Introduction to Azure Cosmos DB

In this article, I will try to give a brief information about Azure Cosmos DB and introduce common concepts of Azure Cosmos DB.

Azure Cosmos DB is getting very popular and Entity Framework Core is going to support it for its 3.0 version, see https://docs.microsoft.com/en-us/ef/core/providers/#cosmos-db.

So, what is Azure Cosmos DB ? It is a planet-scale document database which is an evolution of Azure Document DB.

When you login to Azure Portal, you can easily create an Azure Cosmos DB database and collection(s) on that database. You can think collection as a table on a relational database without a schema.

Pricing

Before we start, let’s talk about pricing. Your usage is priced based on Request Units. You can think of RUs per second as the currency for throughput.

  • Write will cost more than read
  • Query on an indexed data costs less
  • Size of the data affects RUs and price as well
  • Latency option affects pricing (we will talk about it later)
  • Indexing policy also affects pricing

It will be better to calculate your needs in advance so that you will not see any surprising bill on your Azure account. You can use Microsoft’s capacity planner for Document DB (named to Cosmos DB) https://www.documentdb.com/capacityplanner.

Another good thing is, each request to Azure Cosmos DB returns used RUs to you so you can decide whether stop your requests for a while or increase the RU limit of your collection on Azure portal.

Multi API support

Azure Cosmos DB supports 5 type of APIs.

  • SQL API (Json)
  • MongoDB API (Bson)
  • Gremlin API (Graph)
  • Table API (Key-Value)
  • Cassandra API (columnar)

Although Azure Cosmos DB offers 5 different API models, all different data models are stored as ARS (Atom Record Sequence).

It also supports Stored Procedures, User Defined Functions and Triggers. Isn’t that great 😉

Horizontal partitioning

One of the powerful side of Azure Cosmos Db, it can partition your data automatically. In order Cosmos DB to do that, you need to define a partition key for your collection while you are creating your collection.

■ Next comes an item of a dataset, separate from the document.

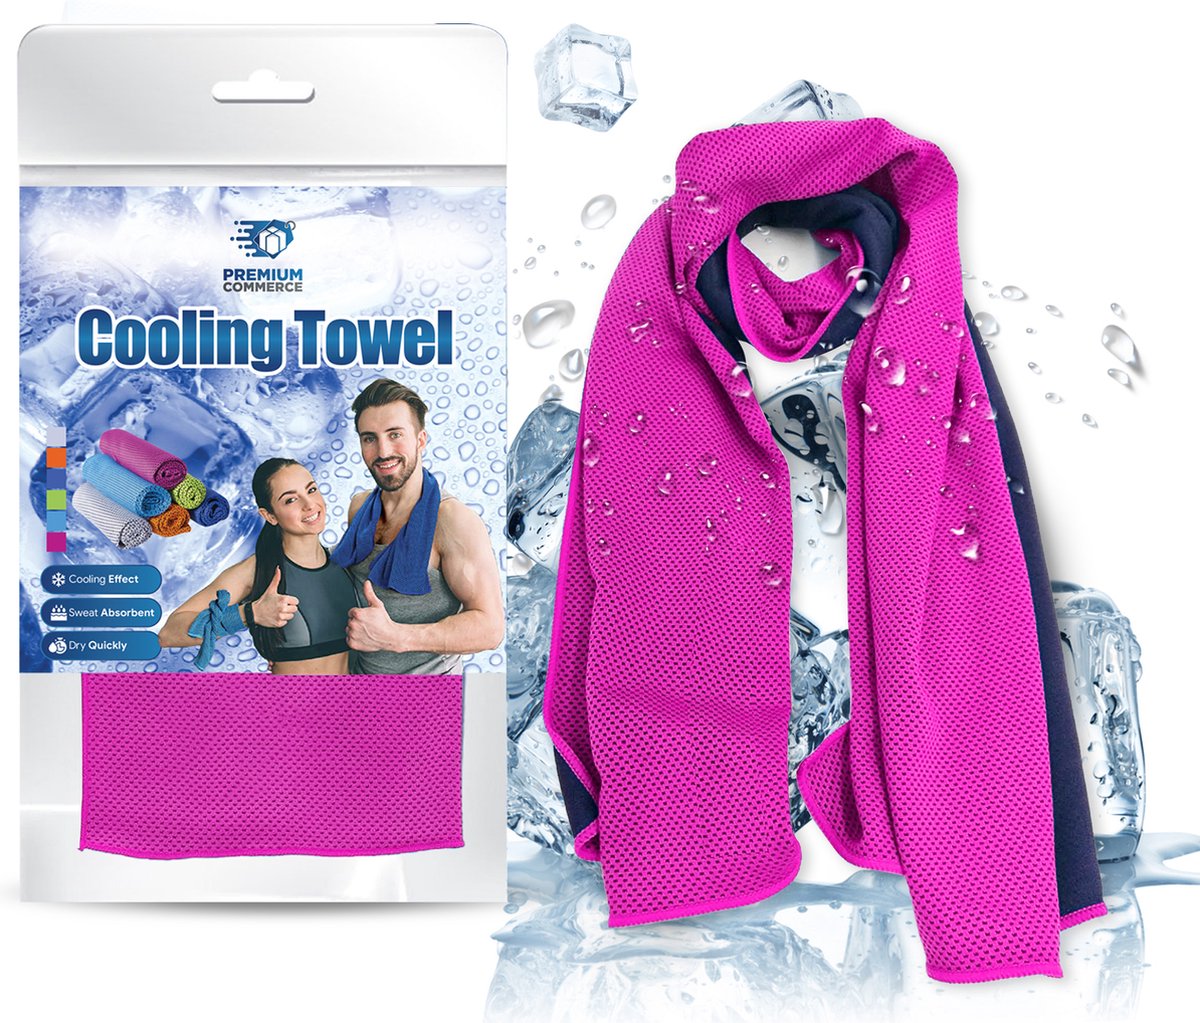 Verkoelende Handdoek - Koel - Cooling Towel - Sport - Fitness - ijshanddoek - Roze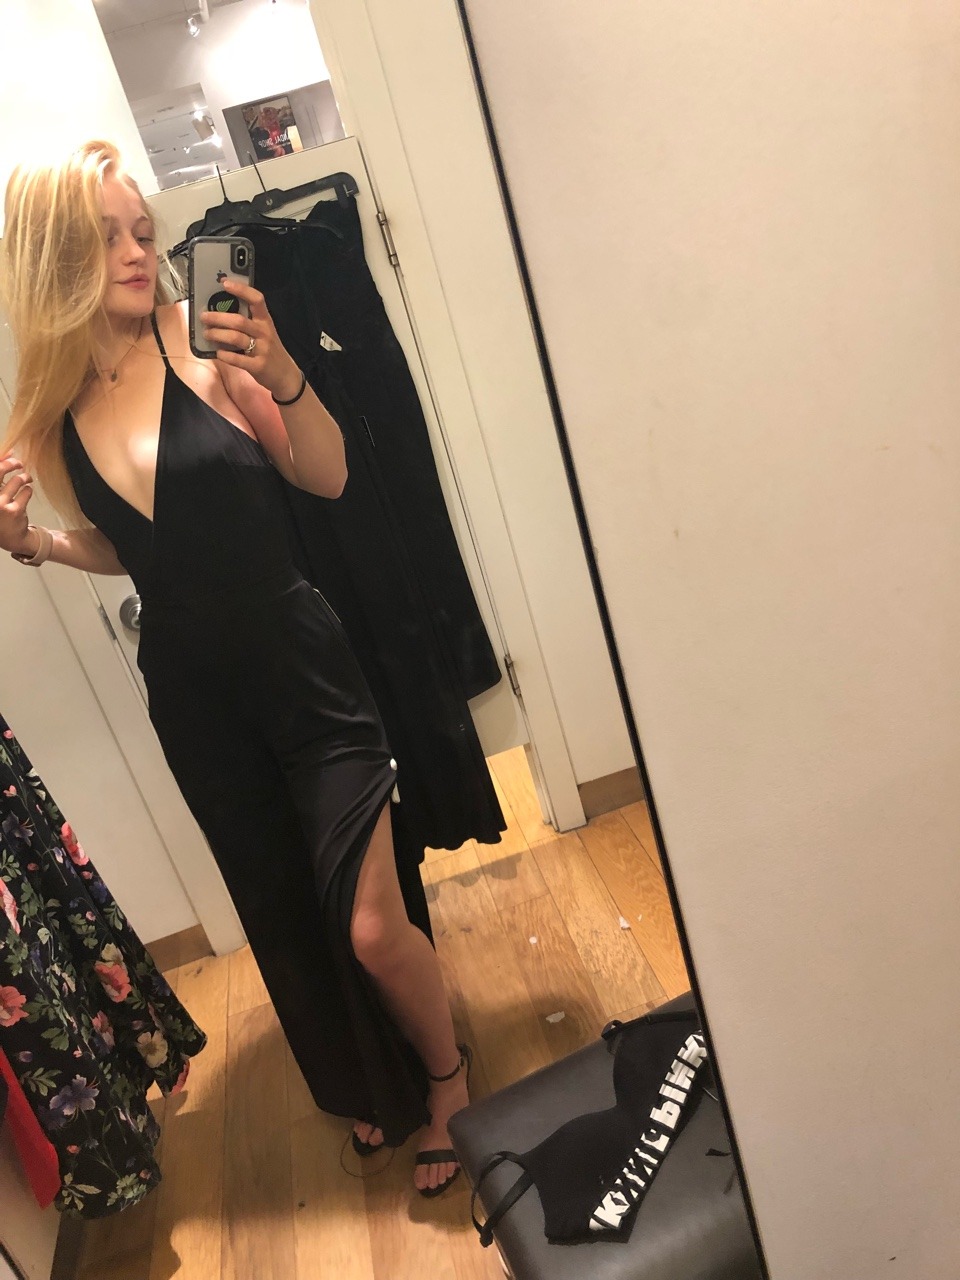 Teen bra dressing room selfies

Let’s say that you have a Database named Travel and have a collection named Hotels. Here is a sample hotel document for the Hotels collection

{
“id”: “b318aeb0–4b0c-4ef0–8d4b-ddd10f502033”,
“name”: “Villa Borghese”,
“country”: “Italy”,
“city”: “Rome”
}

If you select city as the partition key for the Hotels collection, Cosmos DB will automatically partition your collection when your data grows.

It is crucial to select the correct partition key here. Cosmos DB will handle the rest.

In some cases, some of your partitions might receive much more requests (writes) than other partitions. Such partitions are called hot partitions. In that case, it is better to create another collection only for this specific partition and use another partition key.

For example, assume that city of Rome receives so much hotel creation requests. In that case, you can create another collection (Hotels_Rome) and use district as the partition key for this new collection.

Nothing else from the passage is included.